# Best year for New Style Beetle - Need to buy a Used one!



## meltedpanda (Feb 14, 2006)

I am wondering the best “new style” Beetle to buy for my daughter who is going to college. I cannot afford new and was thinking in the 7-9K range used.
What will that get me? If anything?


----------



## pdoel (Mar 14, 2001)

*Re: Best year for New Style Beetle - Need to buy a Used one! (meltedpanda)*

The majority of people will tell you 2000 and up is your best bet. The quality seemed to get better with age. Although, there are quite a few '98 owners out there who've never had any trouble.
Not sure if you are familiar with the engine choices, but here goes.
2.0l - Base engine. Runs on regular unleaded. Decent motor, some oil burning issues. But still a strong engine. Not real modifiable, but doesn't sound like that's what you're looking for. 
TDI - Very strong engine. Incredible gas mileage. Unfortunately, with today's gas prices, TDIs are in high demand, so may be very difficult to find one, especially used. 
1.8t - Great performing engine. The '99 - '01.5 had the APH engine. Not as modifiable as the later 1.8ts. 150hp on the regular 1.8ts, 180hp on the Turbo S. Another great choice.
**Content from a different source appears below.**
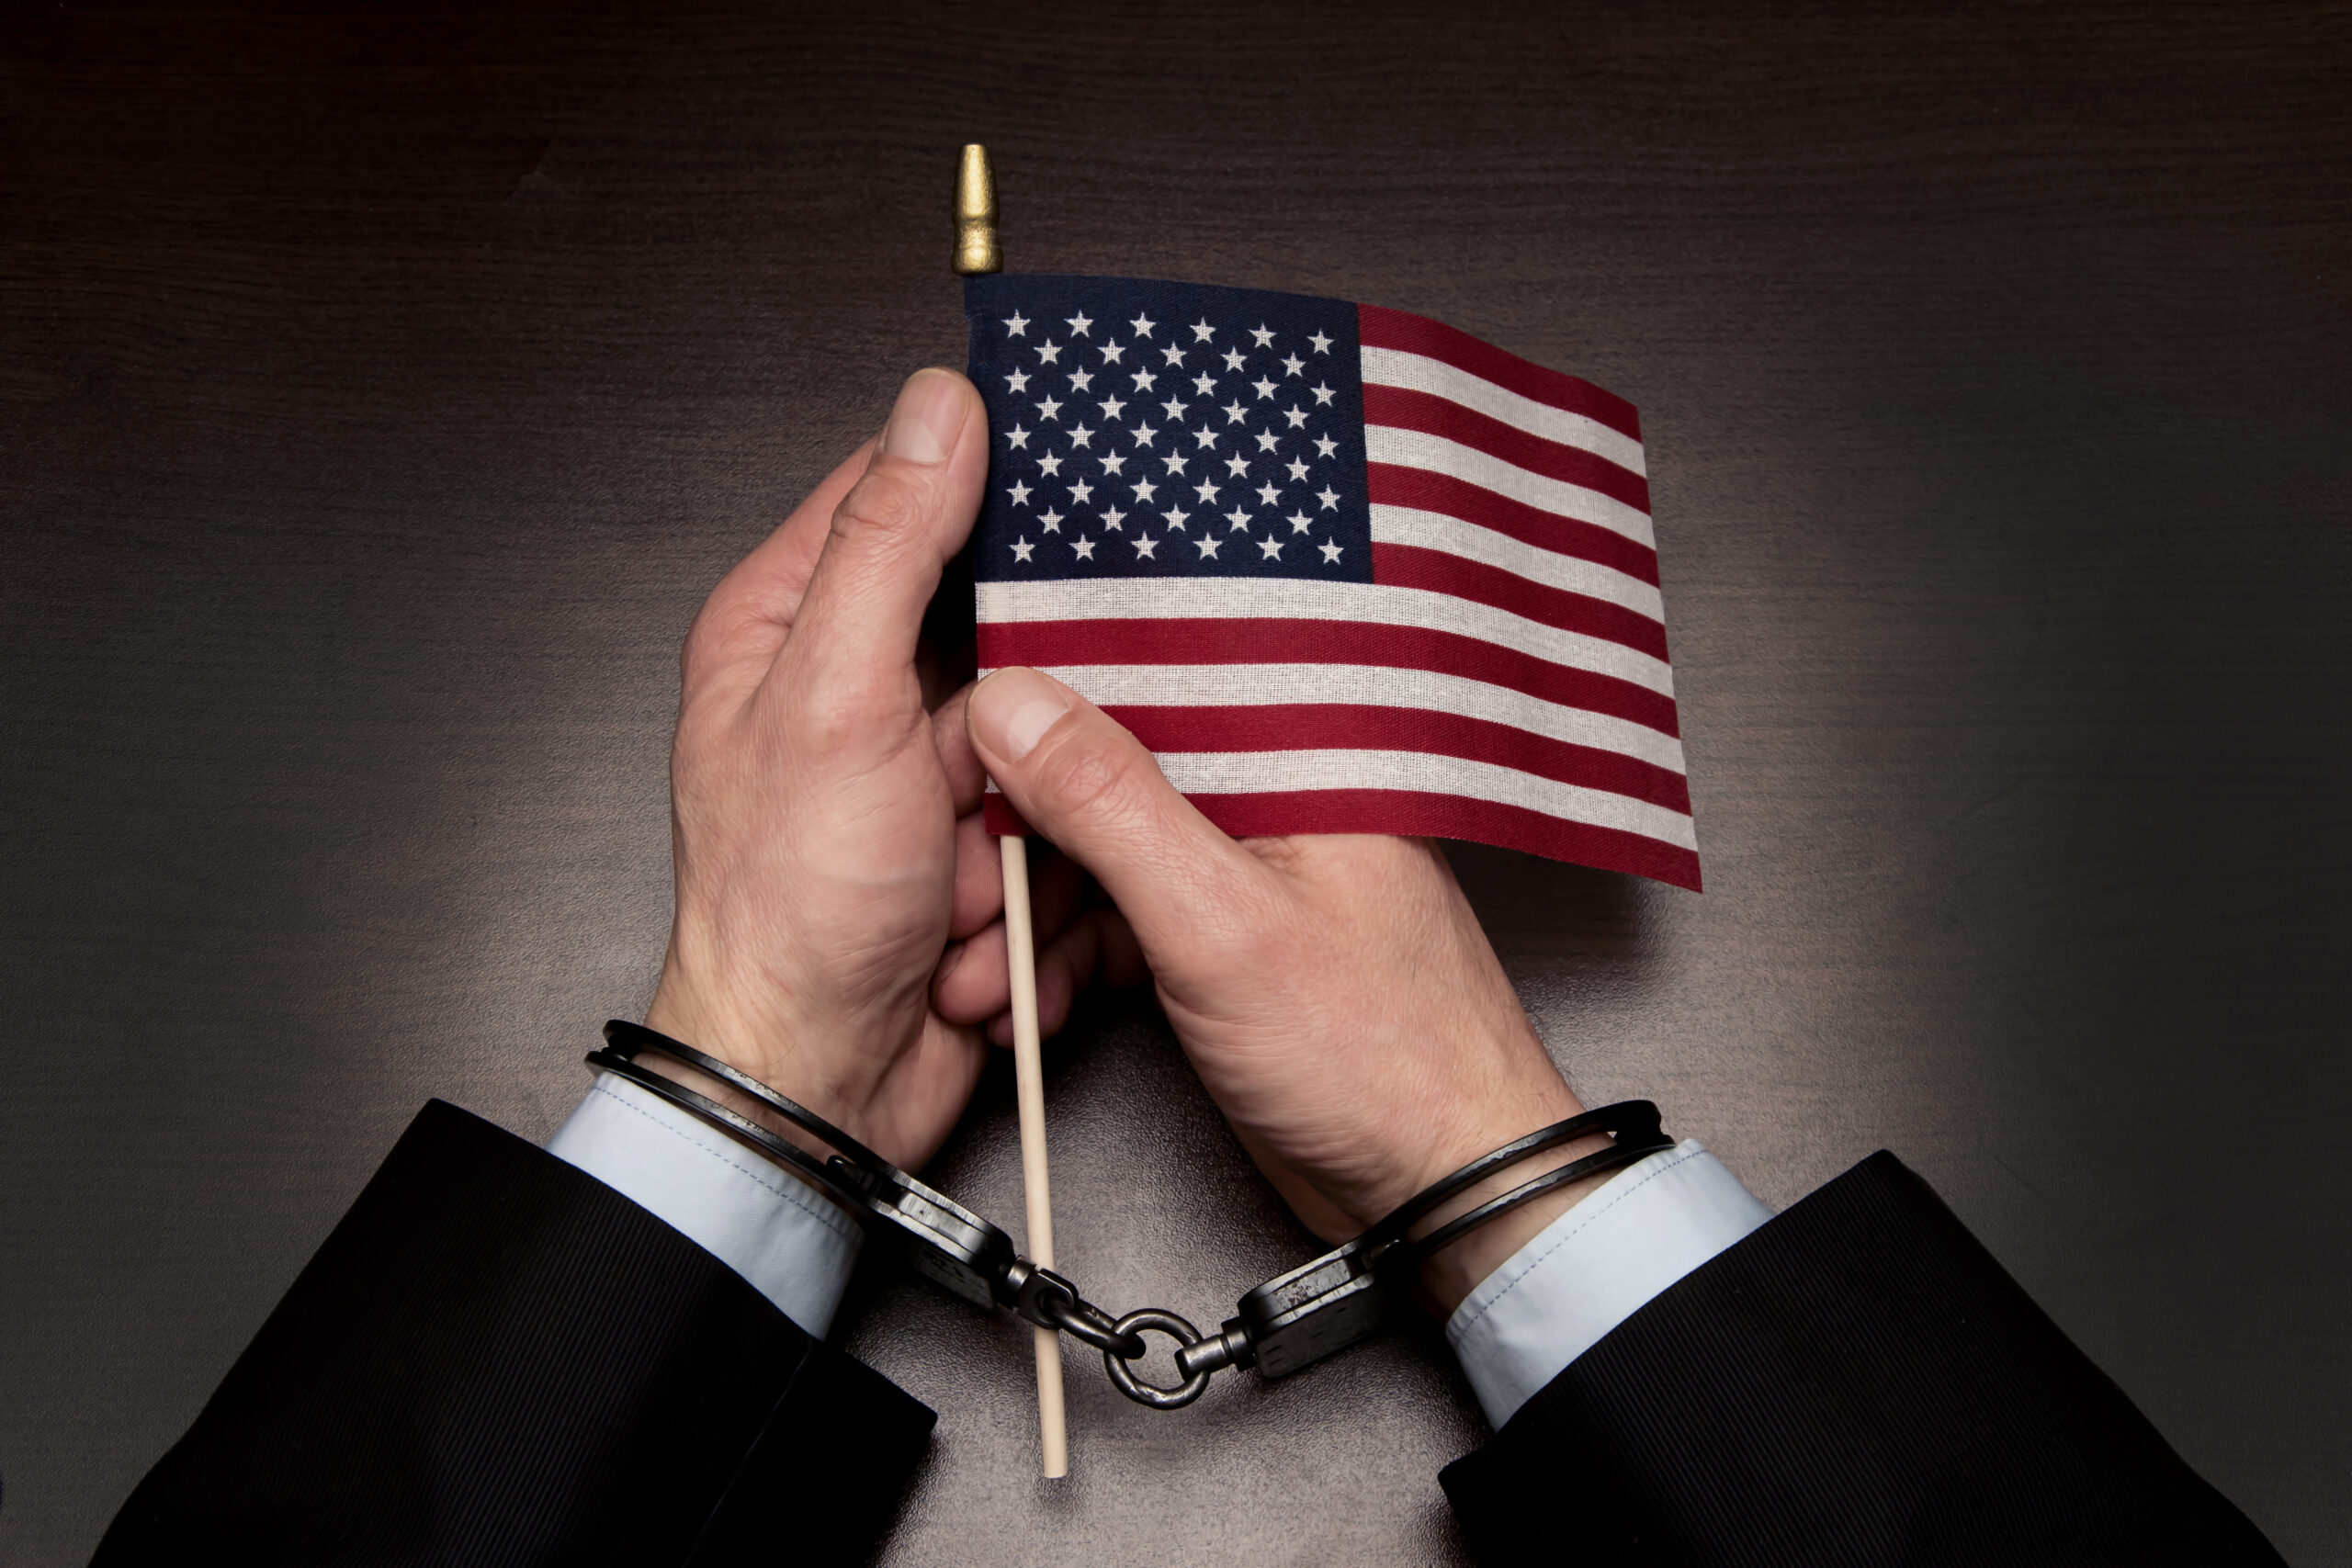 Men's hands in handcuffs hold the American flag in their hands. Concept: American prisoner, imaginary freedom, deportation from the country, persona non grata

Definitely requires you keep up with the maintenance, but can last for thousands of happy miles.
You should be able to get a 2000 (probably any engine choice) for right around your price range.


----------



## Mikes72sb (Oct 27, 2001)

*Re: Best year for New Style Beetle - Need to buy a Used one! (pdoel)*

For basic transport a '00 or '01 with the 2.0 engine will serve her well. You should be able to find a nice one in your price range.
Generally, NB's are safe, easy to drive and fun little people-movers. Be prepared for your daughter to have a big smile most, if not all of the time http://****************.com/smile/emthup.gif


----------



## Vaughan (Jan 17, 2004)

I drove my '98 2.0 like it was a race car for 4 years - I mean 120mph+ to/from GR, MI to Louisville, KY 10 times. It was a 5 speed and felt as tight the day I traded it in as it did when it was new. I think you want to find an original owner car whose owner admits to driving it hard - ie. broken in well. It's my opinion (maybe documented fact) that you need to break cars in the way you plan on driving them. You baby it for 5k then decide you're going to do 120 mph every where you go, you're just asking for trouble. Giving enough time for a cold engine to warm up is KEY.


----------



## silversport (Aug 8, 2001)

2001 Sport w/AWV 1.8T motor here. 96K miles & no major problems whatsoever! Still running the OG rear tires (will be replaced soon) & clutch. rear brakes have been changed once. I just change the oil every 5K w/synthetic. Car pulls strong, check my sig for mods. Been a great car for the buck, imho.


----------



## ach60 (Aug 11, 2005)

Look for "lease return" VW Cetified Beetles, Golfs or Jettas.
All are very safe, the ones with the 2.0 engine are a dime a dozen, and they don't burn oil.
The 2.0 engine is the same old VW motor that they have made for years.
They just keep modifing it to make the stroke bigger.
Think of it as VW's small block Chevy.
The Beetle is cute, the Golf is useful , and Girls just love Jetta's.


----------



## Rockerchick (May 10, 2005)

As a female college student, I have a '99 2.0 5 speed. Its a great car for college life. Gets good city mileage...I get on average 21-23mpg per tank and the town my college is in is really small. I go to Raleigh a lot fo visit my boyfriend out at NC State...drive it about 70-75mph the whole ride and its great. I get about 35-40mog doing highway driving. If its just going to be for college, the 2.0 is a great engine. I would recommend a '00 or newer. My '99 has had some of the problems that are typical of the '98 and '99 beetles just because it was the first few years of the car. Still no real complaints. Nothing seriuos. Parents bought it for about 8k from the dealership. It has surved me well so far. Ive put almost 6000 miles on it since I got it in April...its about at 60,500 miles and still going strong. The only drawback of the beetle is that the space is limited so hauling things around is a bit tough. Winter break I had my trunk and backseat packed to get home and back so that was a tad annoying but I dont haul stuff often so it works well. 
I'm so happy with my car. Not really practical for an everday driver for commuting and what not but its a great college car. Small and efficient. It can get into the little parking spots that the big suv's and pick up trucks cant get into as well so thats a plus








As long as you take care of it, this car will last a long time and its a fun car to drive!


----------



## Sixtysomething (Aug 7, 2003)

*Re: (Rockerchick)*

I don't have a New Beetle, but a Golf. However, the 2.0 gas engine is the same. They will last forever if you take care of them. Change the oil when you're supposed to, change the timing belt every 60K miles, and you'll get 200+ K miles out of it. I have 130,200 miles and have never had an oil consumption issue. I may get a New Beetle myself next time............


----------